Sampling information for each state was first compiled by waterbody type, which included lakes, streams, and non-riverine wetlands. Next, the data was sorted by the three indicators of interest: algae, benthic macroinvertebrates, and fish, along with the taxonomic resolution stipulated by each program. Other indicators, such as amphibians, plankton, and plants that were included in some program assessments were noted, but not included in our analysis for purposes of this survey.

Level of effort was summarized based on the frequency and intensity of sampling. Frequency varied from weekly to once every decade. To facilitate comparison between states and programs, we standardized the data by calculating the average annual sampling intensity (i.e. how many sites and organisms were collected per year for each taxa). When organizations reported a range in the number of sample sites, we averaged the upper and lower estimates provided. Where sampling intensity was inconsistent over each year, approximations were made from multiple years' worth of data.

The number of organisms analyzed at each sampling site was estimated in one of three ways.

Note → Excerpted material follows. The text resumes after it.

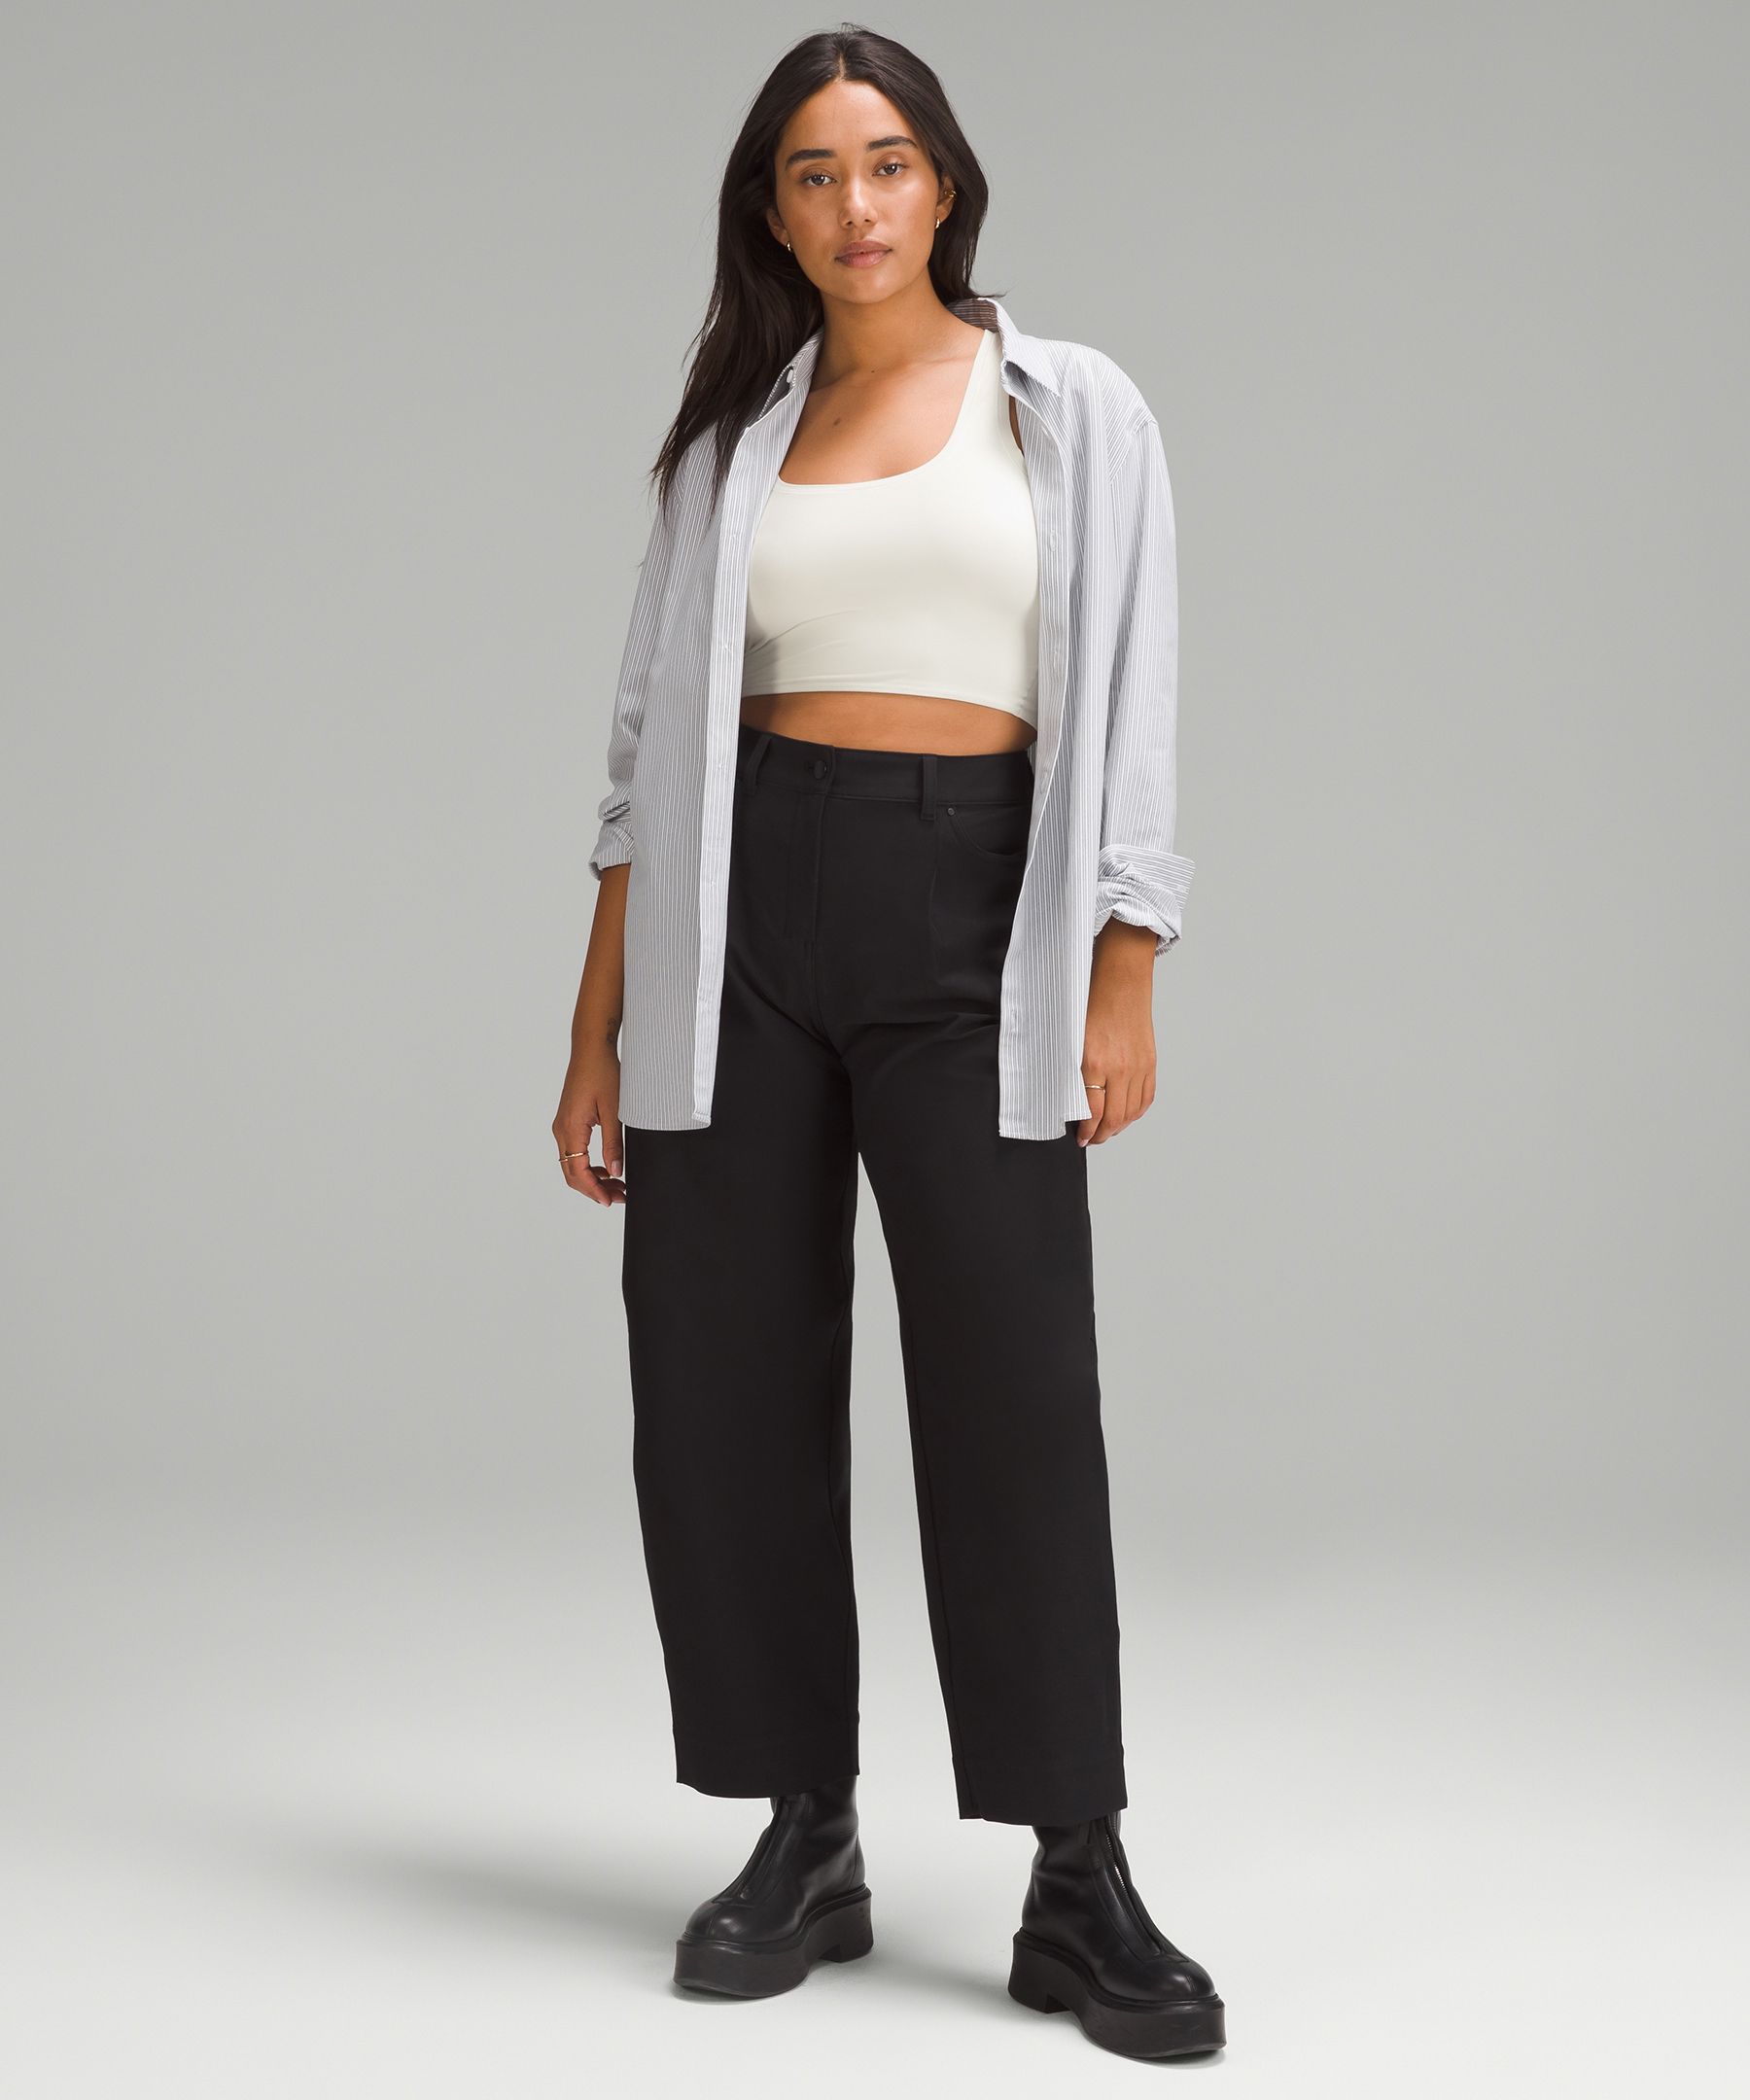 The lululemon Wundermost Collection Is Out Now - PureWow

When stipulated in agency reports, we used the number reported. If the precise number was not reported, but specific protocols were listed, we used those to obtain estimates of intensity. Where neither specific organism counts nor protocols were provided, we assumed that agencies relied on the United States Environmental Protection Agency's (USEPA) Rapid Bioassessment Protocols [15]. For benthic macroinvertebrates, the USEPA protocols recommend 200 benthic invertebrate specimens per sample (although actual sample counts could vary between 100 and 600 specimens/sample). For fish, we assumed 500 specimens per sample site based on electrofishing recommendations provided by the USEPA National River Streams and Assessment Field Operations Manual [16].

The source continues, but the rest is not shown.